**Exercise prompt:** The data must be reproduced verbatim; images are to be omitted.

**Data section:**
____________

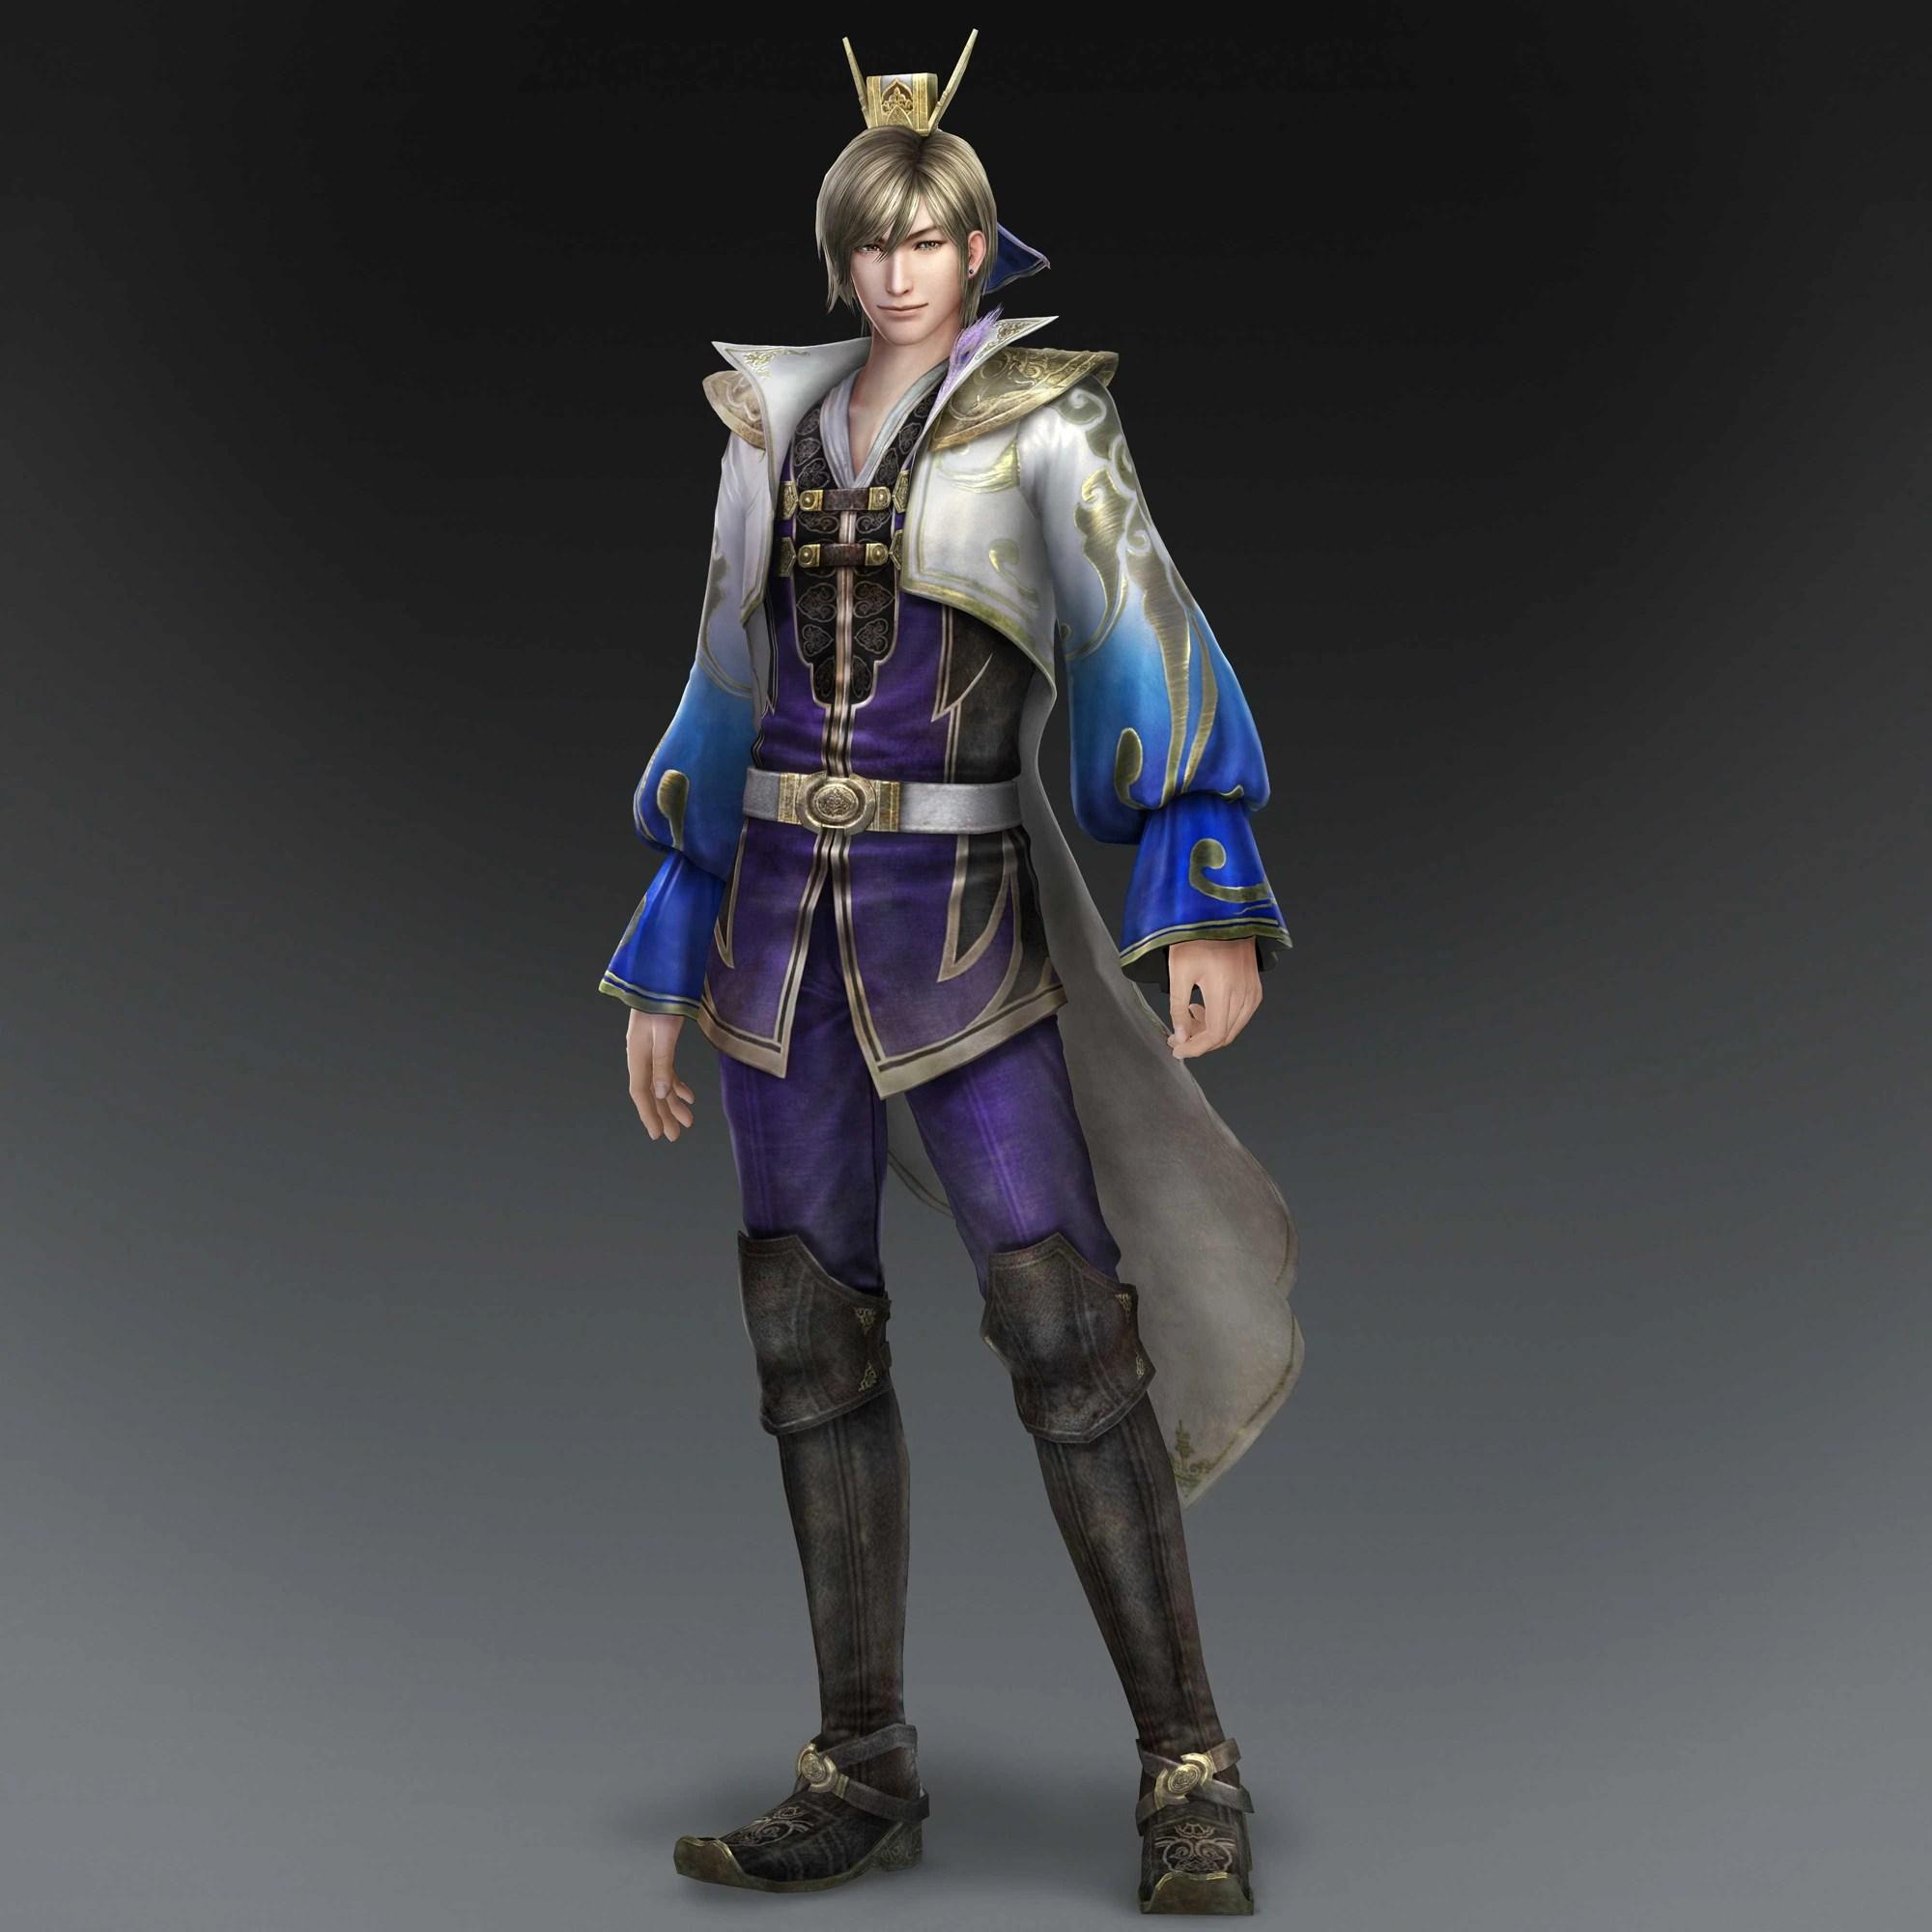 Dynasty Warriors 8 Announced
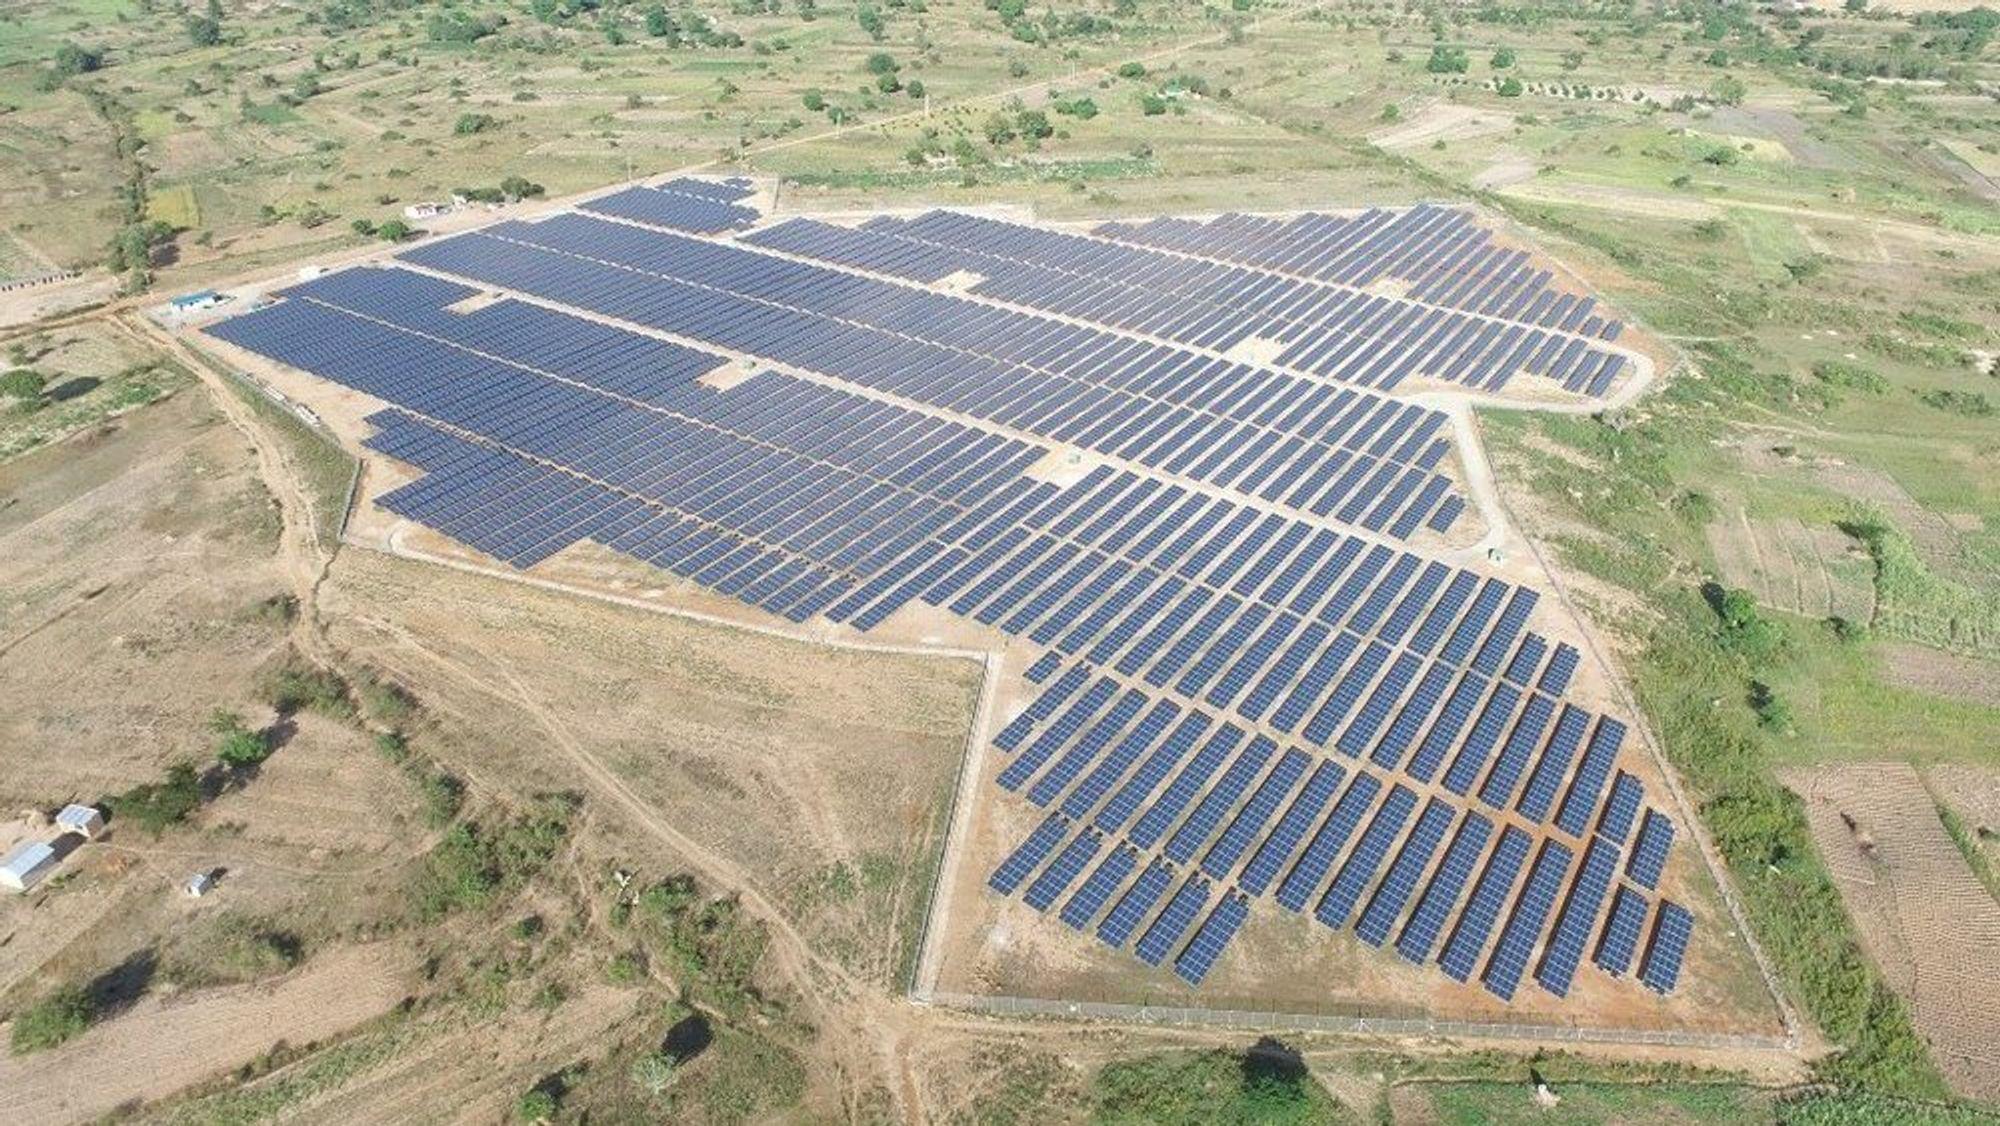 Bildet viser Soroti Solar Power Station - et 10 megawatts prosjekt utviklet under GET FiT Uganda.
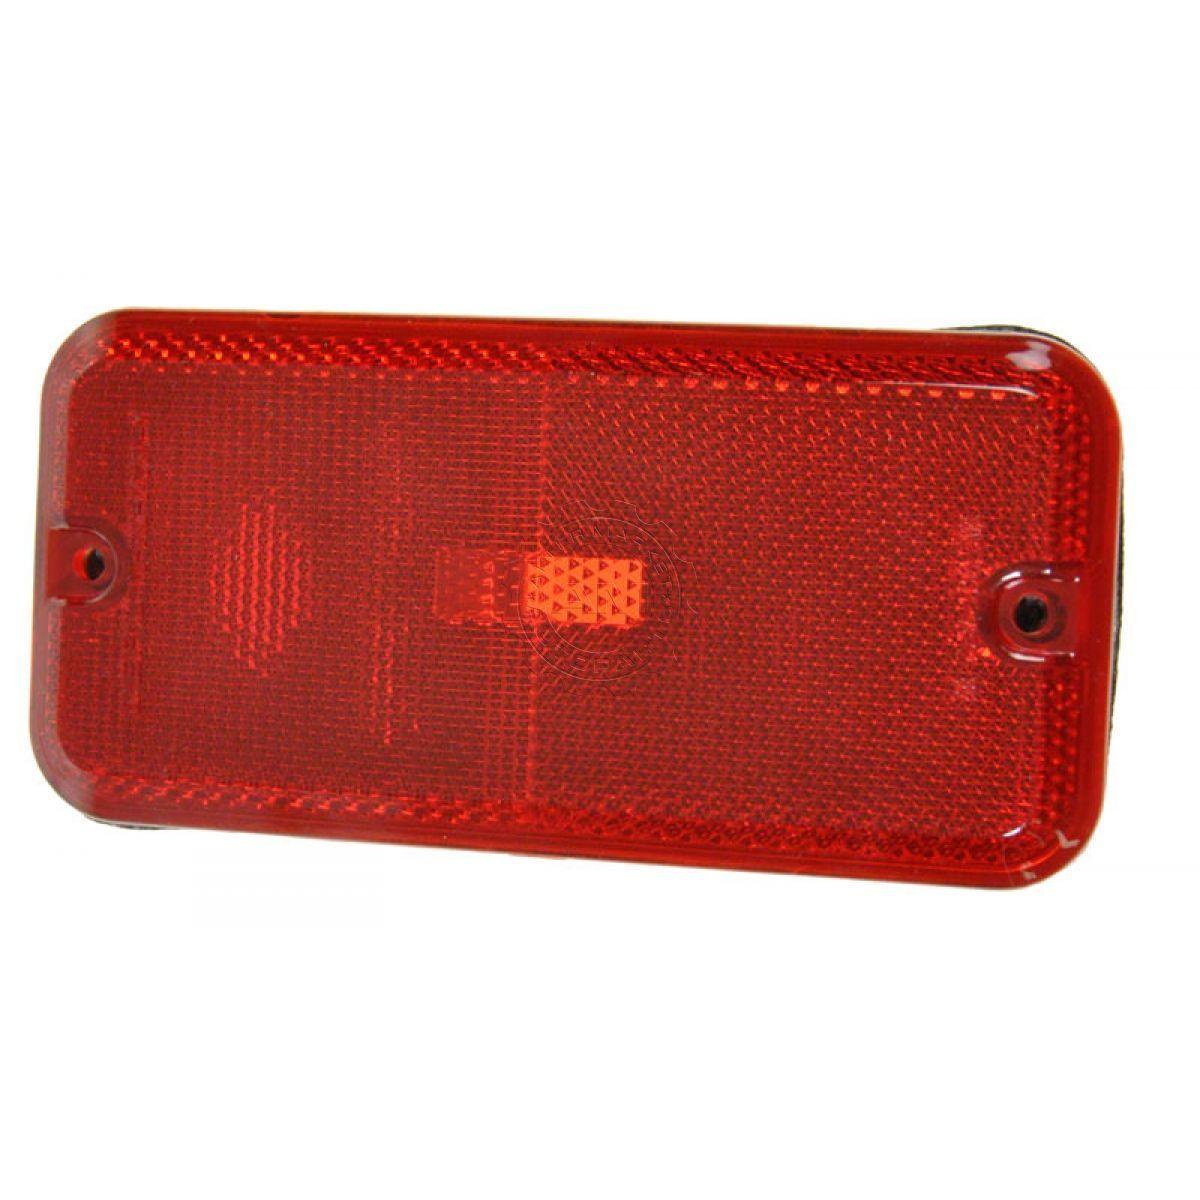 コーナーライト Rear Side Marker Parking Corner Light for Chevy GMC Van シボレーGMCバンのためのリアサイドマーカーパーキングコーナーライト

____________

**Response for this exercise:**
 Dynasty Warriors 8 Announced
 Bildet viser Soroti Solar Power Station - et 10 megawatts prosjekt utviklet under GET FiT Uganda.
 コーナーライト Rear Side Marker Parking Corner Light for Chevy GMC Van シボレーGMCバンのためのリアサイドマーカーパーキングコーナーライト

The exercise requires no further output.